Over the years, developed countries have largely enacted Bacon’s far-sighted idea, creating and maintaining scientific facilities and supporting communities of scientists to work in them. Yet where Bacon envisioned a seamless relation between the scientific community and the island society of the New Atlantis, such relations in the modern world have been marked by friction. Friction can arise between scientific facilities and the surrounding community. It can also arise between research facilities and the politicians who control the purse strings.

Both of these frictions are evident in “The Fiftieth Anniversary of Brookhaven National Laboratory: A Turbulent Time,” by Peter D. Bond.

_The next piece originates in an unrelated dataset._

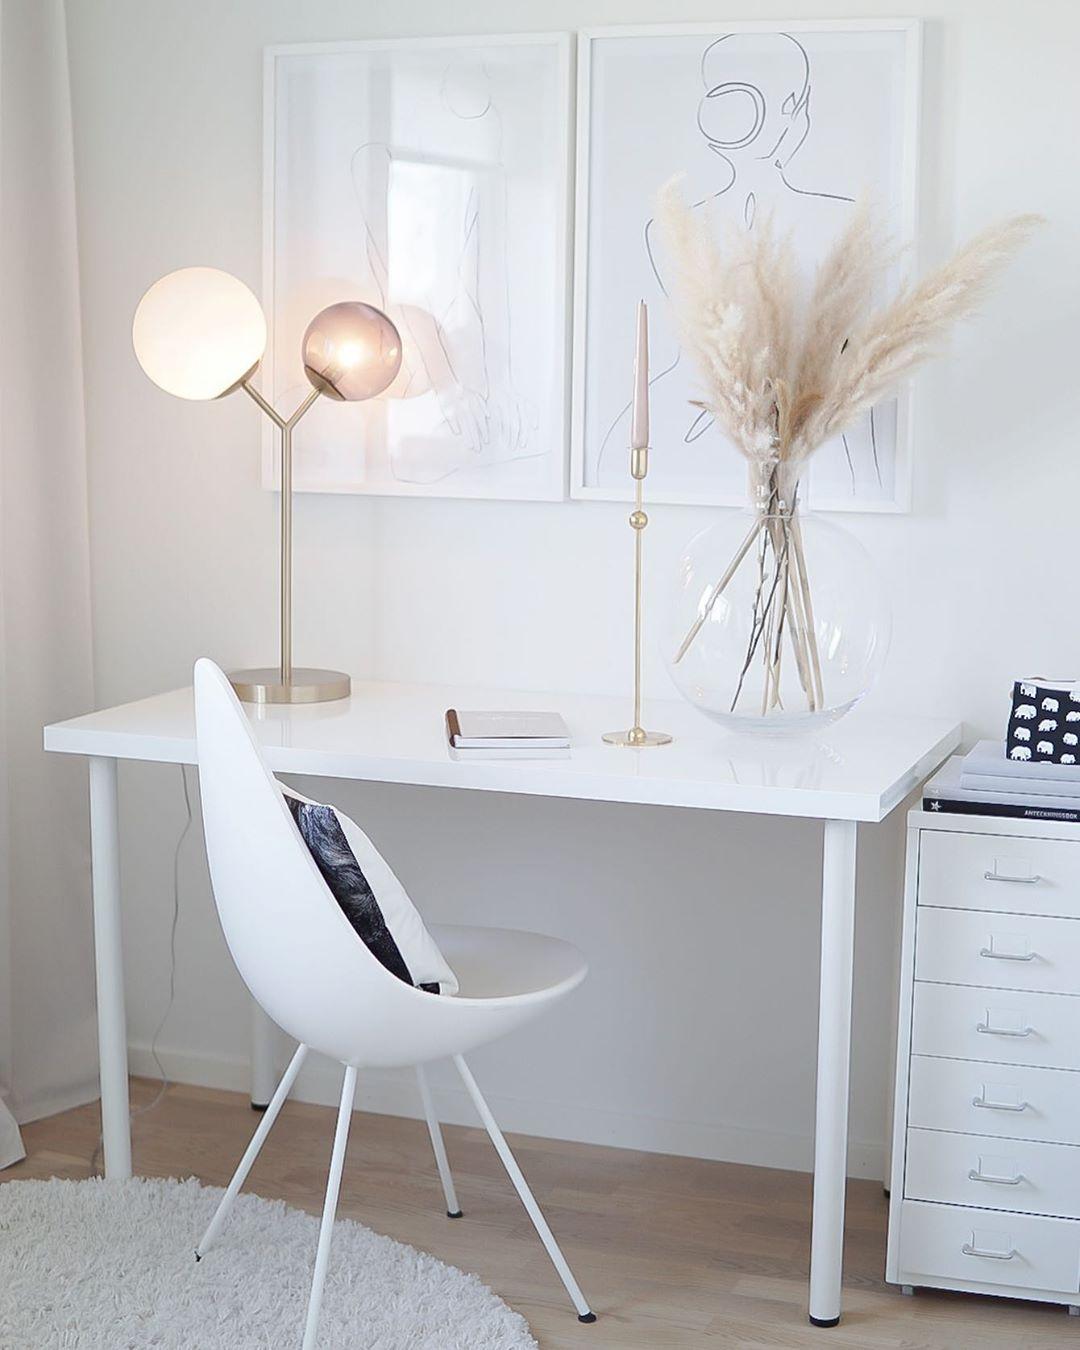 Work From Home: 3 Easy Home Office Ideas to Instantly Spark Productivity

Bond, a physicist who served in many administrative roles at Brookhaven, including as its interim director and senior advisor to the director, writes about the dramatic events that took place in 1997 at the lab. At the beginning of that year, a tiny leak of tritium-containing water from the storage pools for the spent fuel of Brookhaven’s research reactor—a leak that posed no evident health threat to employees or to the surrounding community—set off a political and public relations firestorm that cast doubt on the lab’s safety record and brought calls for the lab’s closure by activists. In the wake of the ensuing controversy, the lab director resigned, but matters did not end there: the Department of Energy fired the lab’s contractor and terminated the reactor. Brookhaven scientists found themselves in the frustrating and disturbing position of having almost no “media standing,” as the expression goes. The scientists were suspected of being tainted by conflict of interest and by lack of concern for public health and safety. Their voices were drowned out by activists with more colorful quotes, more apocalyptic pronouncements, and more eye-catching imagery.

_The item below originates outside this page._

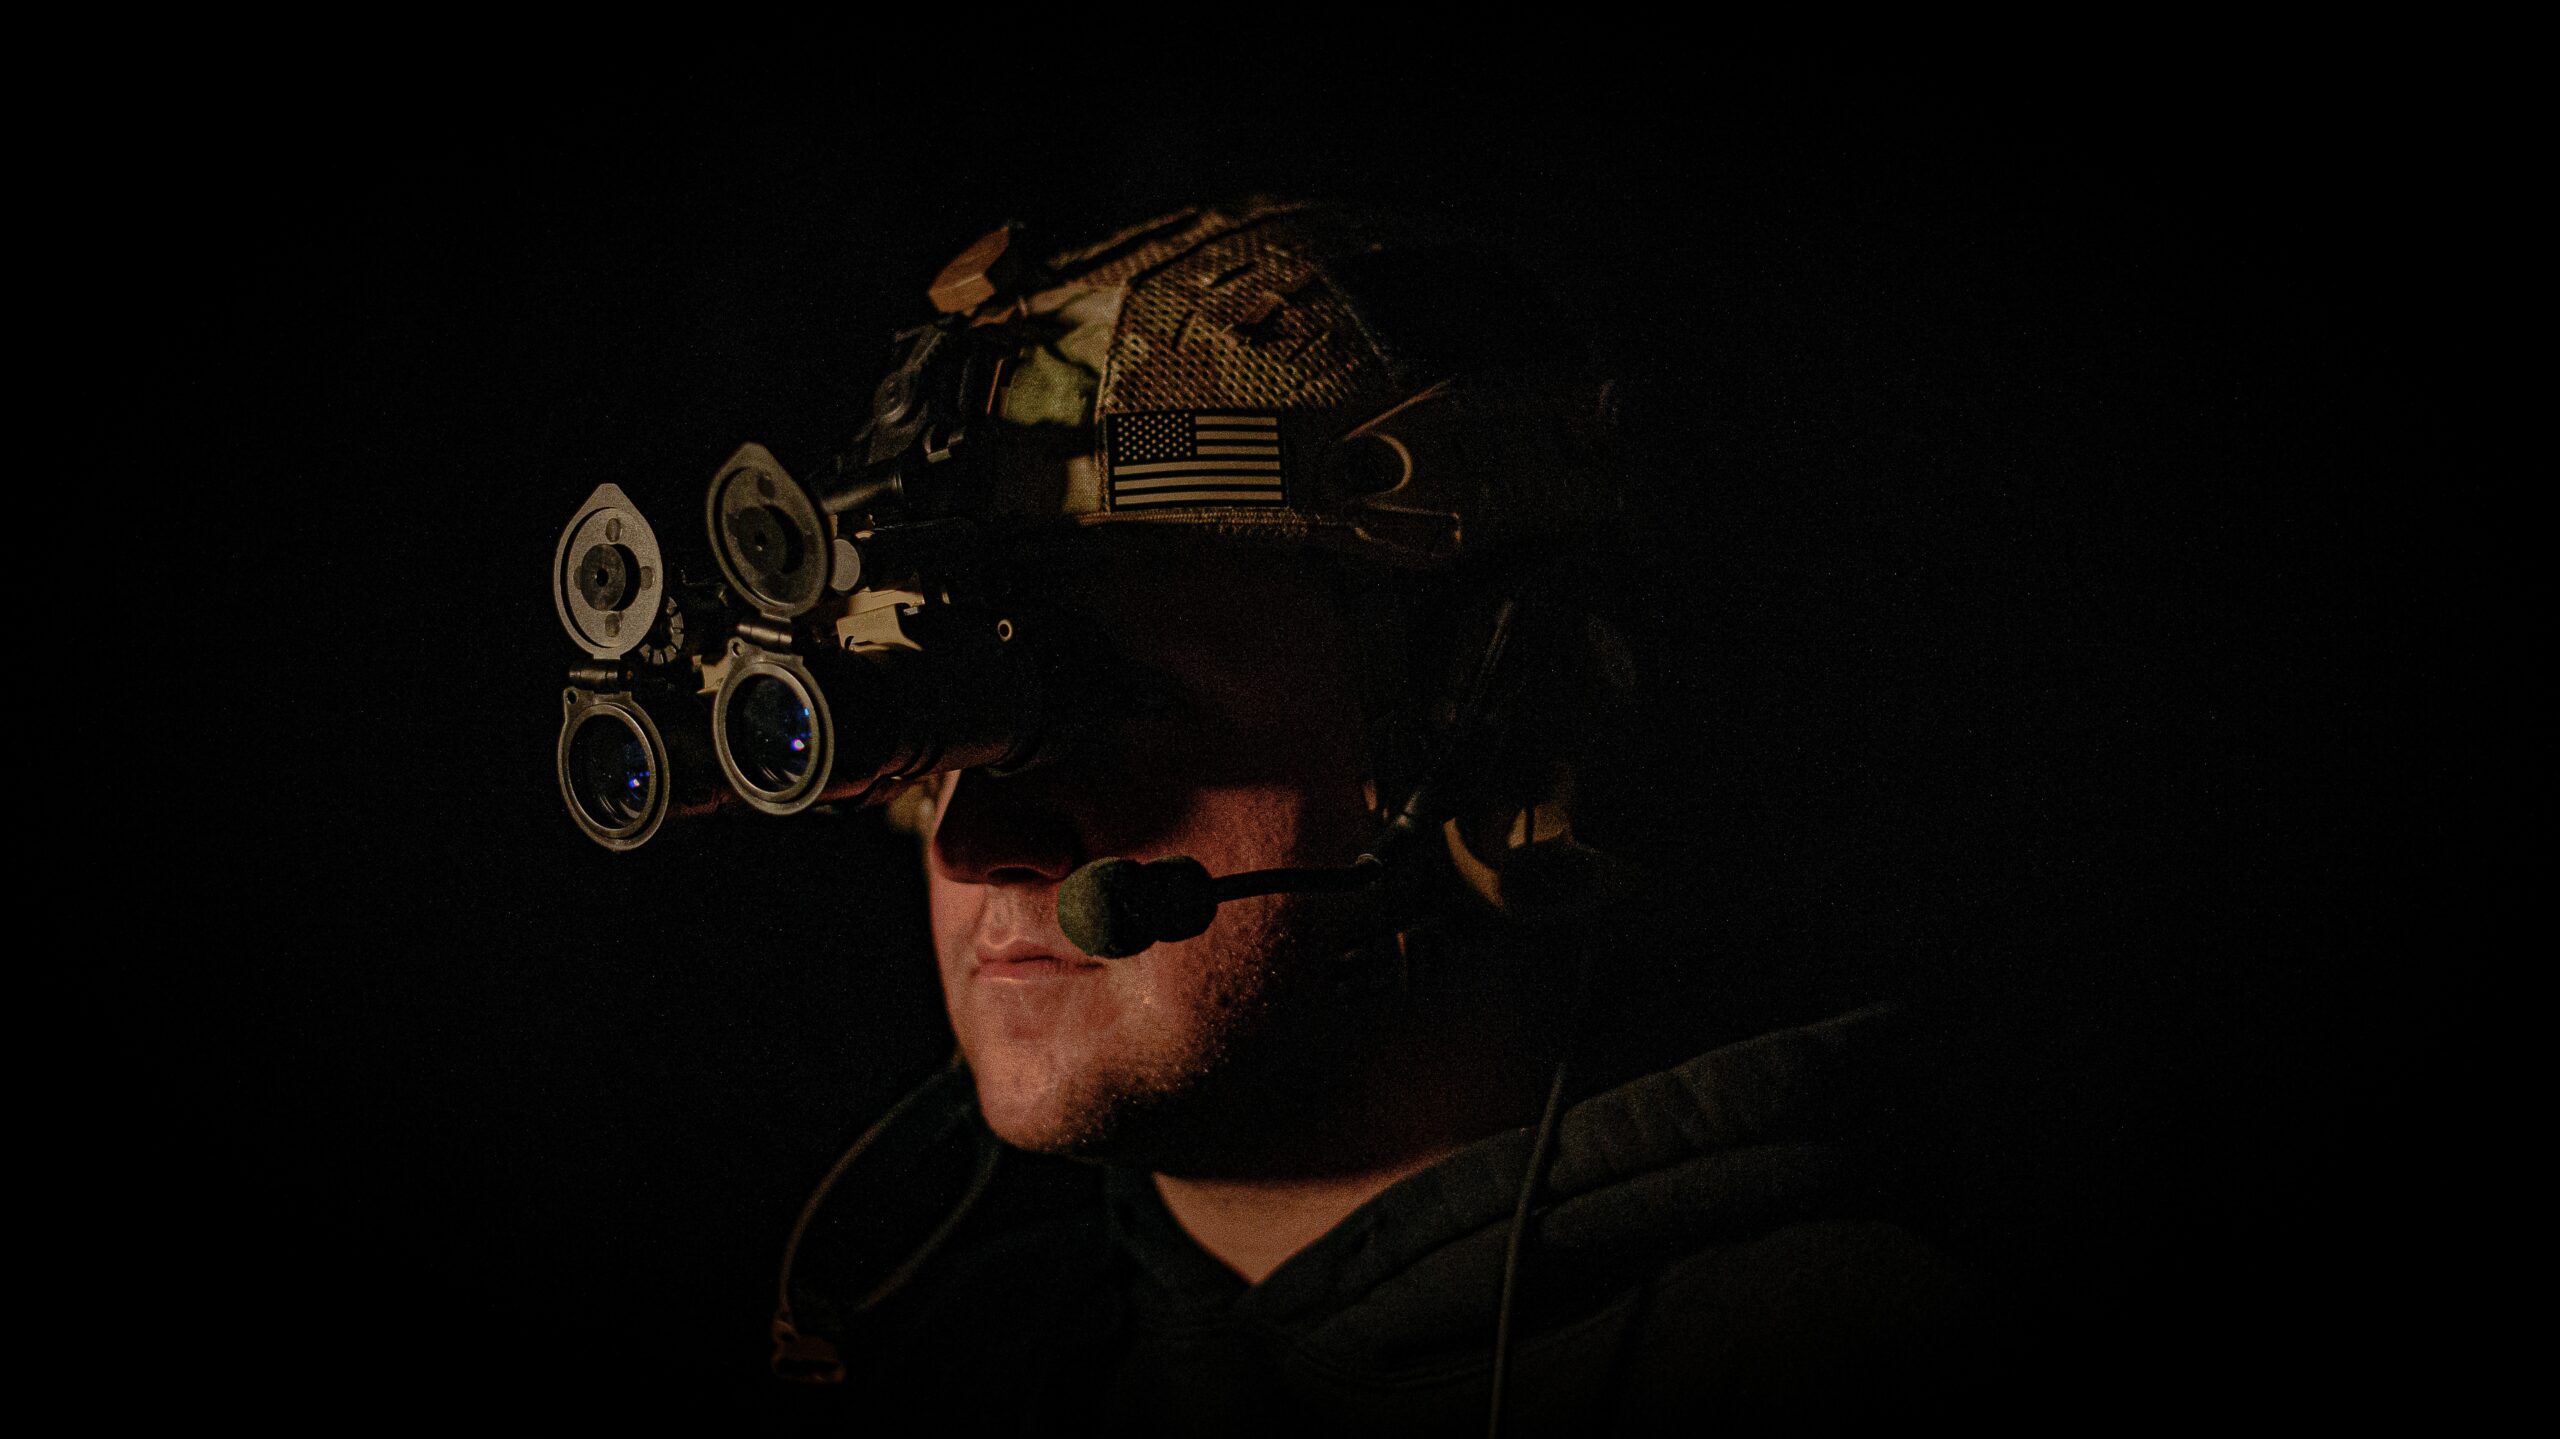 night vision goggles installed on a helmet

Bond’s article is a first-hand account of the inside story. It is sobering and even a little frightening, for it is clear that the frictions in 1997 between Brookhaven National Laboratory and certain members of the community had little to do with conventional politics; the activists denouncing the laboratory came from all points on the political spectrum. Rather, the frictions arose from the special, often conflicting roles that modern scientific communities have to play.

Scientific communities have their own disciplinary norms and values and are historically and practically important to—yet independent of—the larger culture that sustains them. Those communities can sometimes acquire negative meanings within that larger culture, representing the encroachment of the government, for instance, or becoming emblems of danger, secrecy, carelessness, or political incompetence. When science presumes to stand apart from society, it finds itself all the more susceptible to the prevailing political winds if it fails to heed them.

Bacon’s island utopia was founded on a hopeful but erroneous assumption: it presumed society’s unquestioning acceptance of the aims and practices of nature’s interrogators. Modern science often proceeds in a Baconian spirit. It champions vigorous, systematic, and socially supported natural investigations, and it also tends to assume that social support—in the form of funding and other resources—is naturally present in a way that gives scientists broad latitude to determine disciplinary norms. In most cases this is true, but that latitude has its limits. The story of Brookhaven’s golden jubilee show just how difficult that line can be to navigate as scientists try to balance their scientific, social, and political roles.

The frictions between these several roles are among the most important problems that modern civilizations faces. How do these frictions arise? How, if possible, can they be reduced? Such issues will be major challenges facing scientific facilities in the twenty-first century. The first step in facing these challenges is to develop accounts of them such as Bond has provided in this issue. We encourage our readers to submit their own accounts and analyses so that Physics in Perspective can continue to help scientists and society find better ways of working together.